Is their anyone else in your area that grinds stumps?


----------



## redprospector (Jan 27, 2005)

I don't know much about stump grinders, so I don't know what I'm looking for yet. If I can figure out how to make one work in the rocks I'll know more about what I'm looking for.
As far as price range, I need to do more research on how willing my customers are to pay for stump removal (they all want it, but will they be willing to pay?). 

There is no one else in the area that has a stump grinder, They all say it won't work but I'm not convinced of that.
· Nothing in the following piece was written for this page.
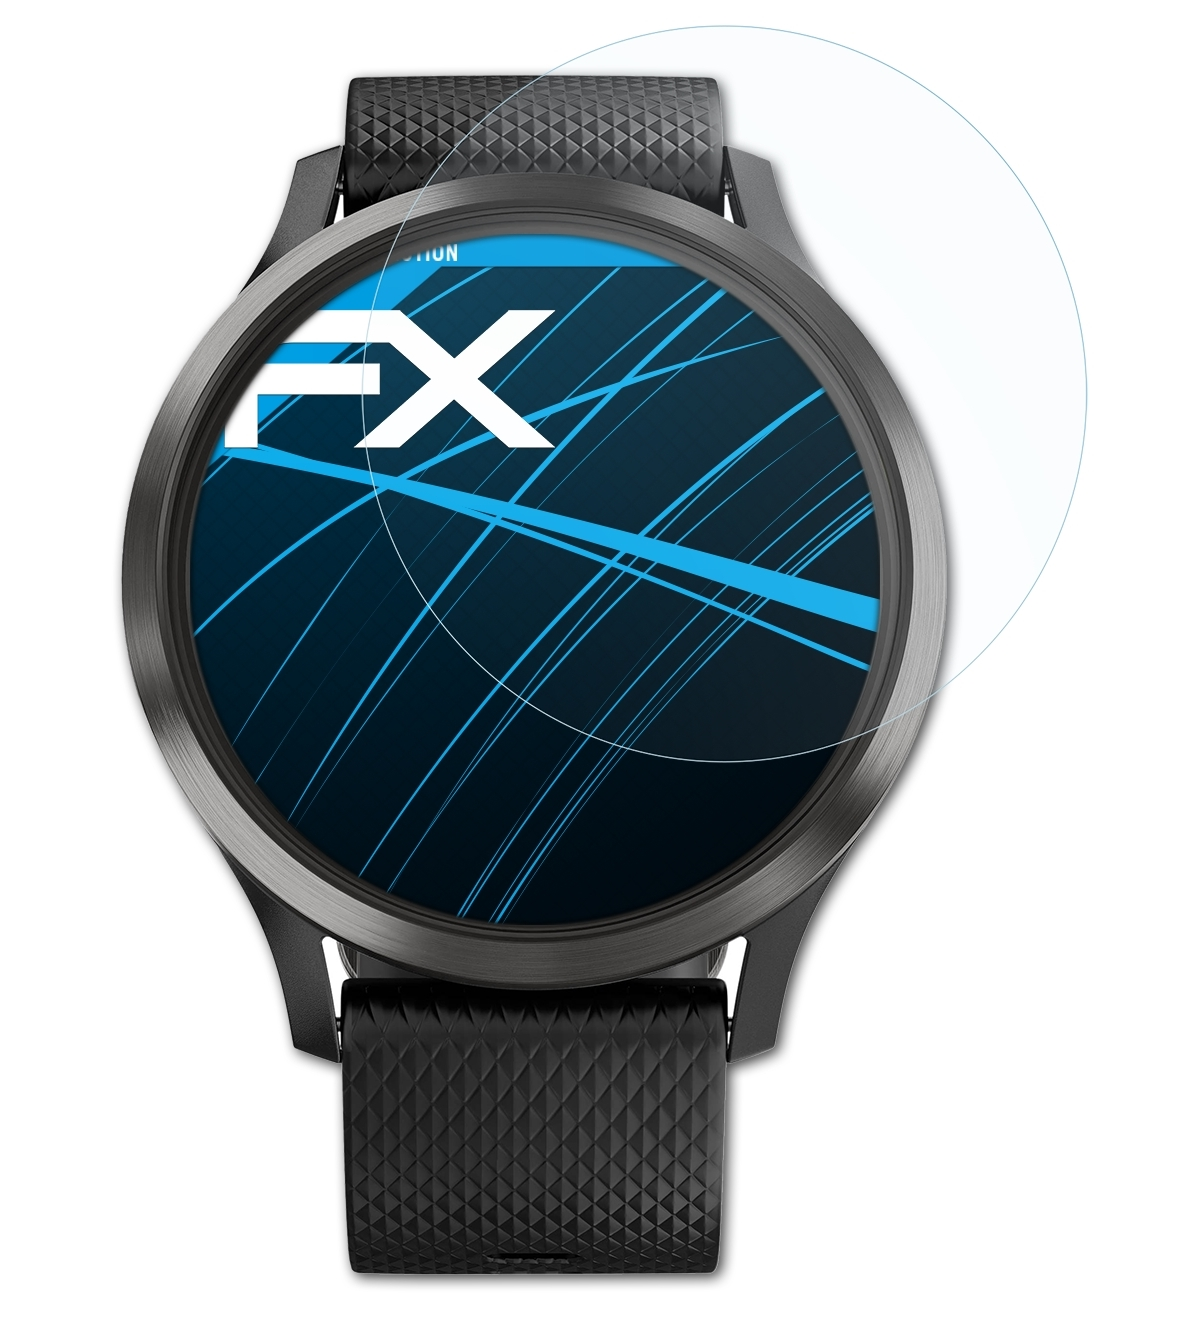 Garmin 3x ATFOLIX FX-Clear Vivomove HR) Displayschutz(für

Any suguestions as to what might work would be appreciated.


----------



## alanarbor (Jan 27, 2005)

If you're going to be the only one in the area, then it sounds like you could pretty much name your price, factoring in the abuse your equipment will take. I might suggest Greenteeth for your application, because they are a really quick change cutter, and you'll be going through a lot.

www.greenteeth.com


----------



## Lumberjack (Jan 27, 2005)

Well i would recommend the Rayco RG50 or super 50. But they run around 30k dollars. Most people in the mountains charge 3x4 times what we charge. As for the rocks hurting the machine, i dont think it will damage anything but teeth. Limestone is alot softer than carbide.

The RG50 is self propelled and all hydraulic. That means you can vary the cutterwheel speed and the engine speed seperatly (like motor at full power but cutter wheel slowed down to save teeth. You could speed up the wheel when grinding out the stump part then slow down at the bottom and on the roots.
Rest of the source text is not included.